To determine the interaction between EGR1 and miR-4306 promoter, the luciferase reporter vector containing the wild-type (WT) or mutant (Mut) binding site of EGR1 in the miR-4306 promoter were devised and synthesized by Aiki Biotech (Guangzhou, China). Subsequently, the NP cells were co-transfected with the respective luciferase reporter vectors and either the EGR1 overexpression vector or negative control (NC) vector using Lipofectamine 2000 (Invitrogen, USA) for 48 h, and the activities of Firefly and Renilla luciferase were detected by the Dual Luciferase Reporter Assay Kit (Promega, USA). Similarly, to determine the interaction between miR-4306 and MAT2A, the luciferase reporter vector containing the wild-type (WT) or mutant (Mut) binding site of hsa-miR-4306 in the MAT2A 3' untranslated region (3'UTR) were devised and synthesized by GenePharma (Shanghai, China). Then, the NP cells were co-transfected with these respective luciferase reporter vectors and either miR-4306 mimics or NC mimics (GenePharma) using Lipofectamine 2000 (Invitrogen, USA) for 48 h, and the activities of Firefly and Renilla luciferase were detected by the Dual Luciferase Reporter Assay Kit (Promega, USA).

Animal experiments

Thirty wild-type C57BL/6 mice (male, 8 weeks old, 25 ± 3 g) were purchased from Guangdong Experimental Animal Centre (Guangzhou, Guangdong, China). All animal experimental protocols were approved by the Animal Research Ethics Committee of Zhujiang Hospital of Southern Medical University (Approval No. LEAC-2022–044). The mice were randomly divided into three groups: sham (n = 10), IVDD (n = 10), and IVDD + EGR1 inhibitor (IVDD + Treatment, n = 10) groups. The mouse IVDD model was established as described previously (Qiu et al., 2020). Two weeks after the establishment of the IVDD model, mice in the IVDD + Treatment group received weekly intraperitoneal injections of the EGR1 inhibitor (458–37-7, Santa Cruz Animal Health, shanghai, China). Mice in Sham and IVDD groups received equivalent volumes of PBS as a vehicle control. Twelve weeks after IVDD induction, mice were sacrificed, and the lumbar spine samples were harvested. Tissues underwent magnetic resonance imaging (MRI) scanning, followed by western blot analysis or fixation, decalcification, embedding, and sectioning into 5 μm thick slices. These sections were obtained for histological and immunohistochemical analyses.
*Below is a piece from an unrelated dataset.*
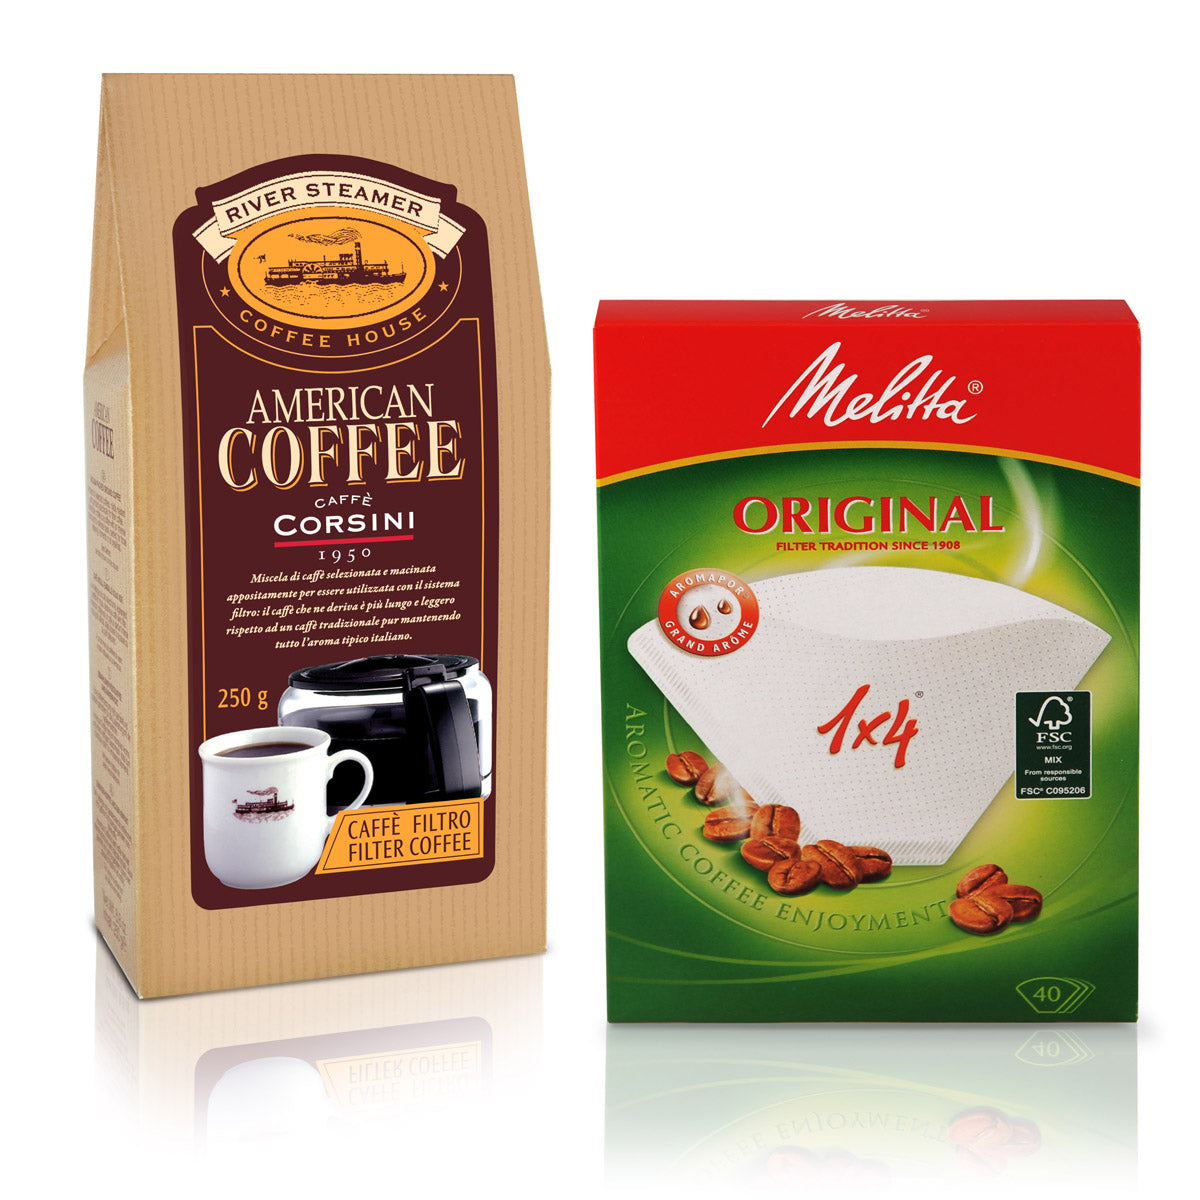 Ground coffee | American coffee and Melitta paper filters 1x4 cups
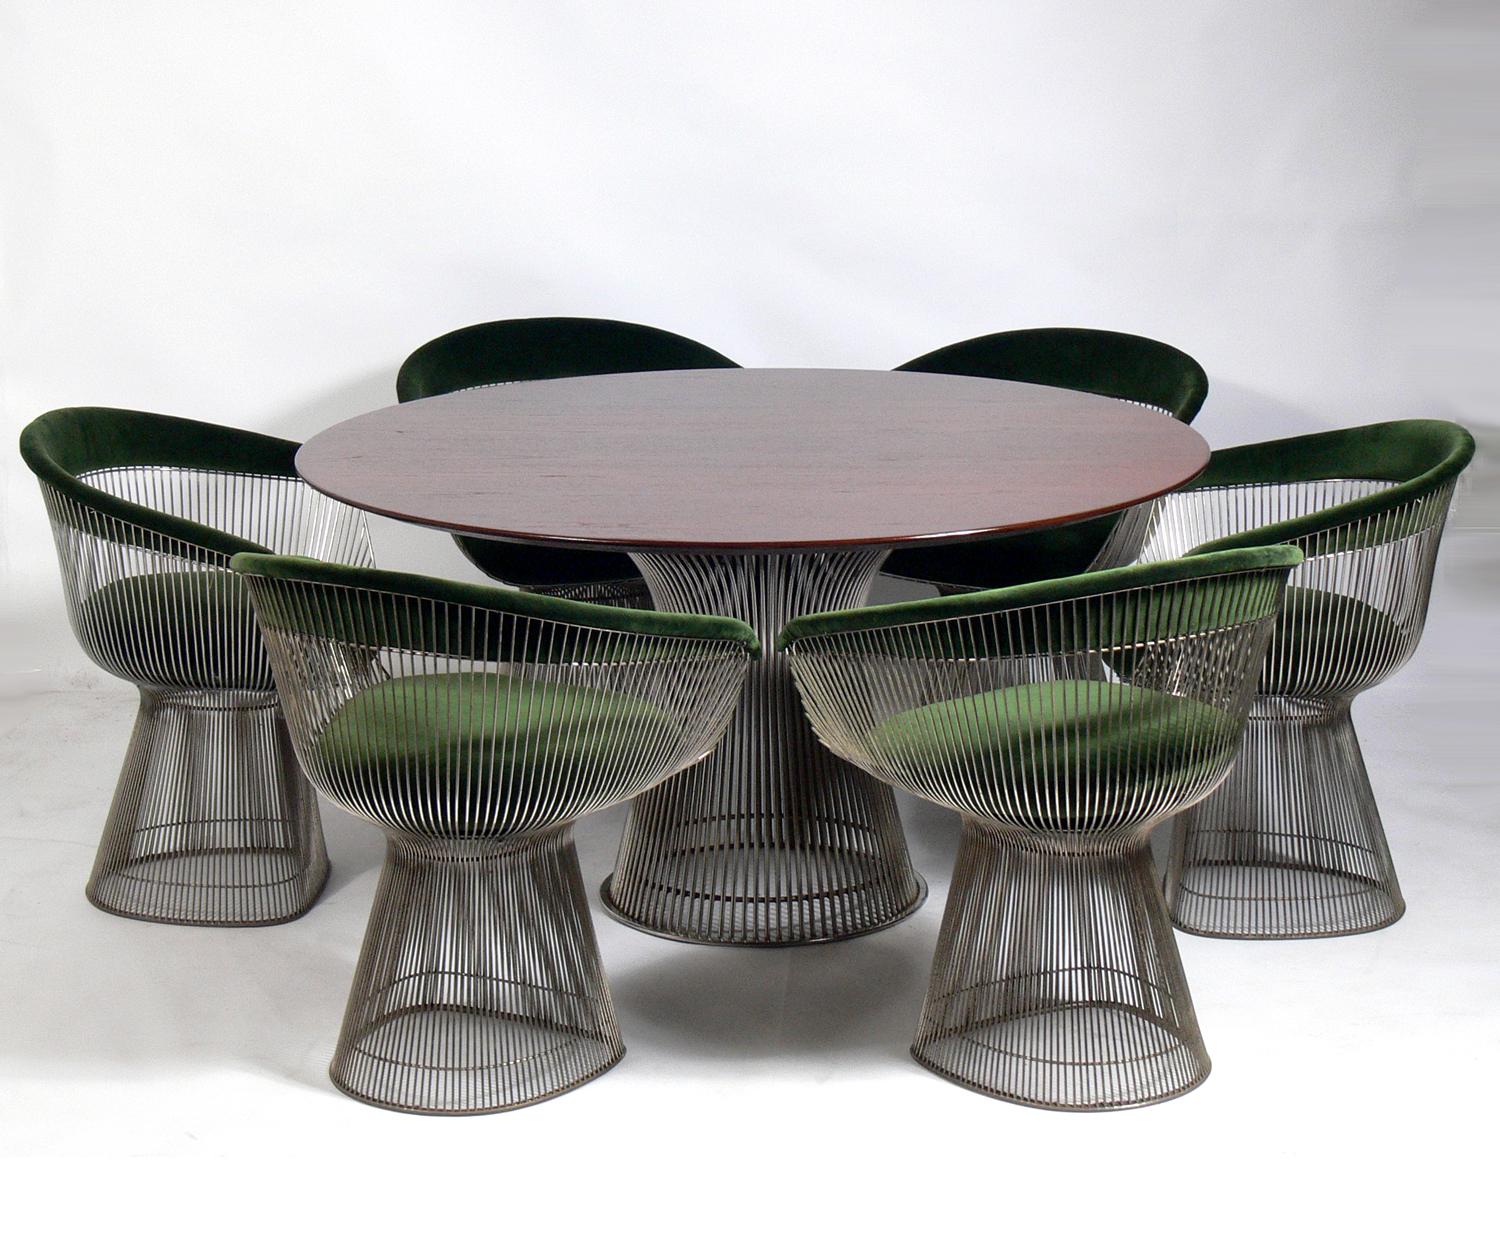 Plated Warren Platner Walnut and Chrome Dining Table

Histology and immunohistochemistry

Tissue sections were stained with Hematoxylin and Eosin (H&E) and Safranin-O/Fast Green according to the established protocol (Qiu, Shi, 2020). For immunohistochemistry (IHC), antigen retrieval was performed by heating sections in 10 mM citrate buffer (pH 6.0) at 95 °C for 20 min. Endogenous peroxidase activity was quenched with 3% H₂O₂ in methanol for 15 min, followed by blocking of non-specific binding sites with 5% bovine serum albumin (BSA) for 1 h at room temperature. Sections were then incubated overnight at 4 °C with the following primary antibodies: anti-EGR1 (Abcam, ab300449, 1:500), anti-MAT2A (Abcam, ab154343,1:500), anti-NLRP3 (Beyotime, AF2155,1:200), and anti-MMP13 (Abcam, ab219620,1:500). After washing, bound primary antibodies were detected using appropriate horseradish peroxidase (HRP)-conjugated secondary antibodies incubated for 1 h at room temperature. Immunoreactivity was visualized using 3,3'-diaminobenzidine (DAB) as the chromogen. Images were captured using an inverted fluorescence microscope (MF52, Mshot). Negative controls were processed identically with omission of the primary antibody.

Statistical analysis

Statistical analyses and graph drawing were mainly conducted by GraphPad Prism 8.4 (GraphPad Software Inc., CA, USA). The differences between groups were analyzed using Student’s t test or one-way ANOVA. Non-parametric data (Pfirrmann grade) were analyzed using the Kruskal–Wallis H test. The correlation between genes was evaluated using Pearson correlation coefficient. Data are presented as mean ± SD, and P < 0.05 was regarded as statistically significant.